23 августа 1830 г Пушкин посетил могилу Сумарокова в Донском монастыре, это произошло сразу после похорон Василия Львовича Пушкина. Буквально через неделю Пушкин отправится в Бол-дино, и первым написанным в родовом имении стихотворением станут зимние «Бесы». По гениальной догадке В. Вацуро, пушкинские «Бесы» навеяны сумароковским стихотворением «Фею и Борей»:
Борей мой дует, Борей мой плюет...
Не следует искать в «Бесах» поэтической полемики с Сумароковым, но, вероятно, посещение могилы всеми забытого поэта воскресило строки из стихотворения поэта.
Осенью 1830 г. пишется разбор драмы М. Погодина «Марфа Посадница». В начале статьи Пушкин излагает свои взгляды на драматическое искусство, сложившиеся в период его работы над «Борисом Годуновым»: «.явился Сумароков, несчастнейший из подражателей. Трагедии его, исполненные противусмыслия, писанные варварским изнеженным языком, нравились двору Елисаветы... Сии вялые, холодные произведения не могли иметь никакого влияния на народное пристрастие» [т. 6, с. 363]. Негативные оценки связаны с предметом размышлений - русская драматургия в целом и Сумароков в частности отстояли от площадной драмы, в которой Пушкин видел живительные силы. Площадная народная культура противопоставлена официальной придворной.
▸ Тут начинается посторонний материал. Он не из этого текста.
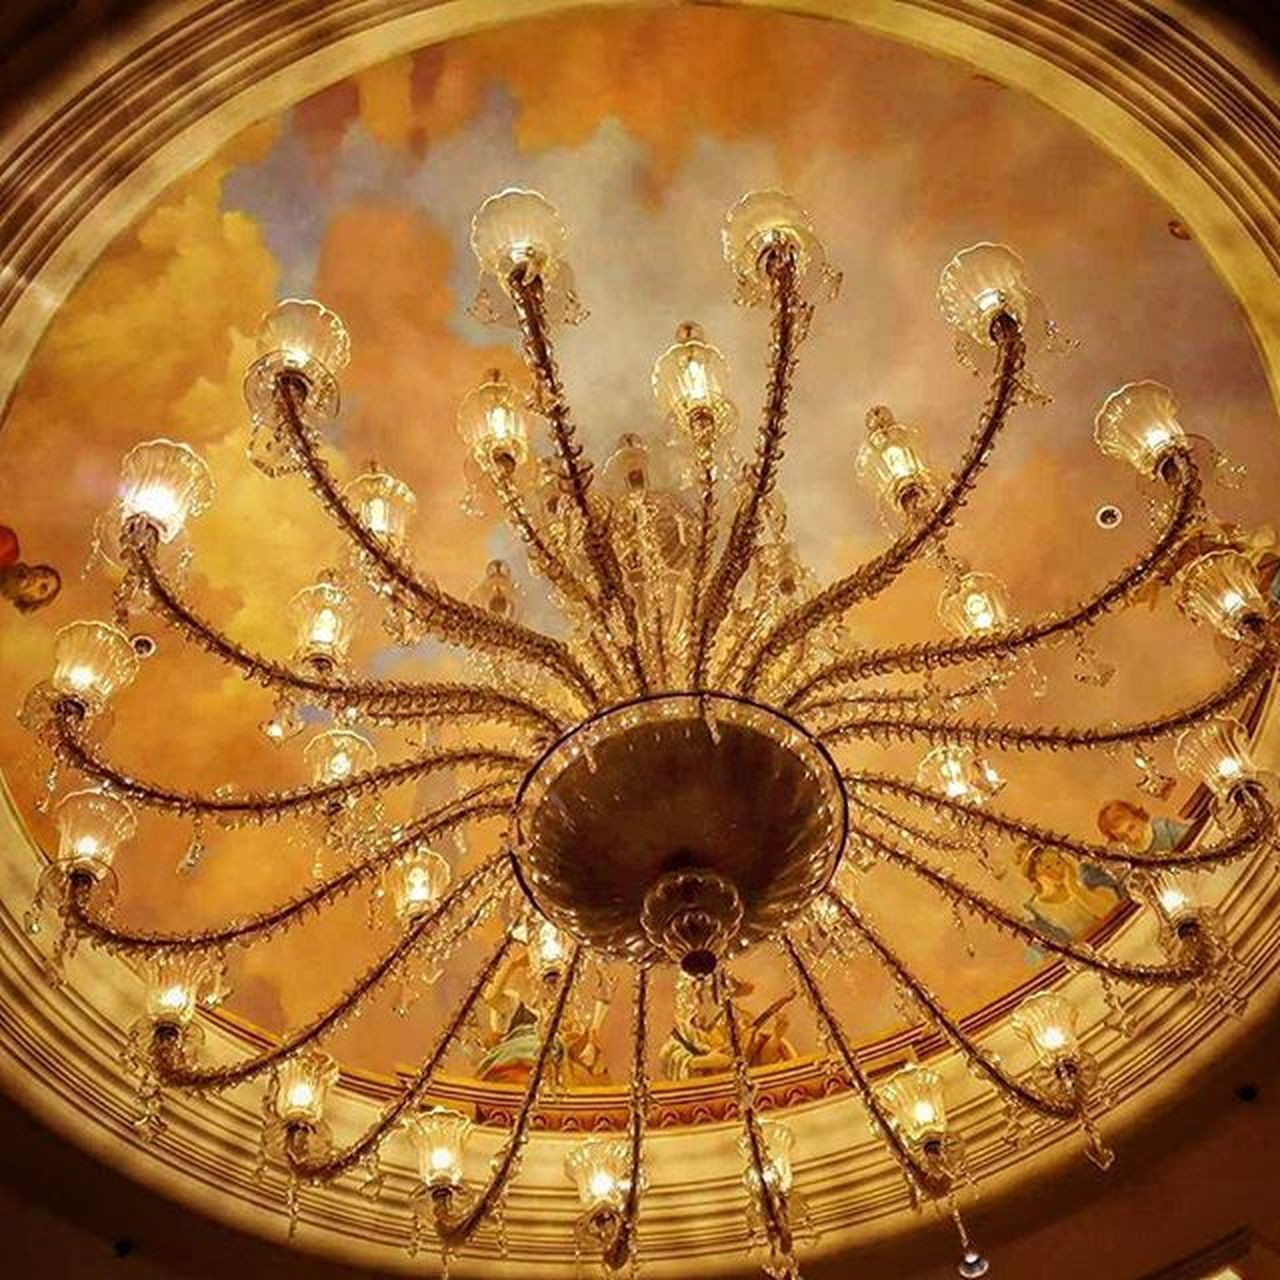 Venetian Venetianlasvegas Art Ceiling Chandelier BeautifulArt Lasvegas Vegasbaby Yolovegas Taramae

Отрыв от почвы неминуемо оборачивался, с одной стороны, жалким подражанием Западу, с другой - возникновением «варварского изнеженного» языка. Ошибка русского классицизма, идейным выразителем которого был Сумароков, - в уходе от истоков собственной культуры. Первозадача, стоящая перед Пушкиным, - преображение «варварского» слога, выявление его внутренних потенций, что, в конечном итоге, обеспечивало органичное развитие русской словесности.
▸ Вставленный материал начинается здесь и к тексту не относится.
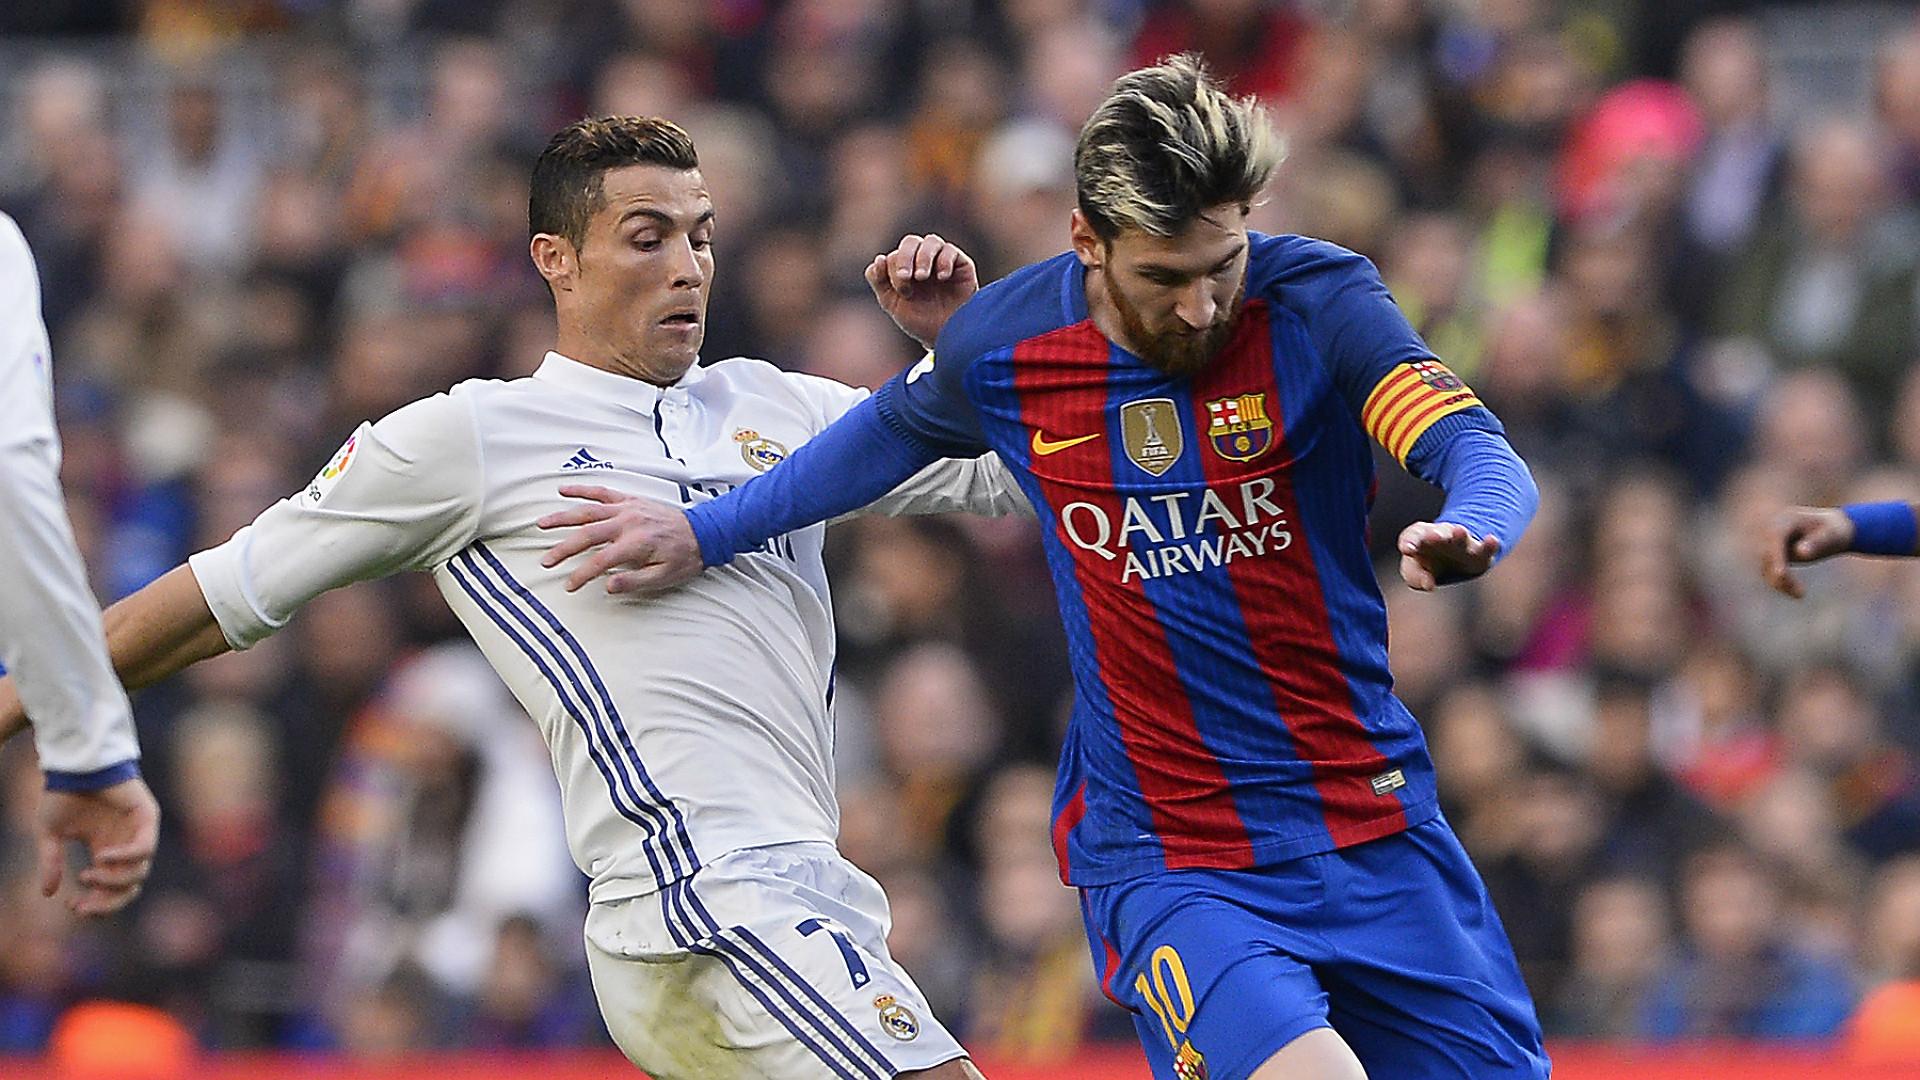 Ronaldo And Messi Wallpaper (75+ Images

Имя Сумарокова открывает «Путешествие из Москвы в Петербург» (1833 - 1835 гг.). Как и полагается путешественнику, герой Пушкина едет с книгой в руках: «Итак, собравшись в дорогу, зашел я к старому моему приятелю **, коего библиотекой привык я пользоваться. Я просил у него книгу скучную, но любопытную в каком бы то ни было отношении. <...> "Постой, - сказал мне **, - есть у меня для тебя книжка". С этим словом вынул он из-за полного собрания сочинений Александра Сумарокова и Михайла Хераскова книгу, по-видимому изданную в конце прошлого столетия. "Прошу беречь ее, - сказал он таинственным голосом. - Надеюсь, что ты вполне оценишь и оправдаешь мою доверенность". Я раскрыл ее и прочел заглавие: "Путешествие из Петербурга в Москву". С. П. Б. 1790 году» [15, т.6, с. 380]. По-видимому, Пушкину было хорошо известно «Полное собрание всех сочинений» Сумарокова в 10 частях, напечатанное в типографии Н.И. Новикова. Потаенный роман Радищева спрятан в библиотеке приятеля за корешками сочинений Сумарокова и Хераскова - поэтов, творчество которых противопоставлено радищевскому как легитимное.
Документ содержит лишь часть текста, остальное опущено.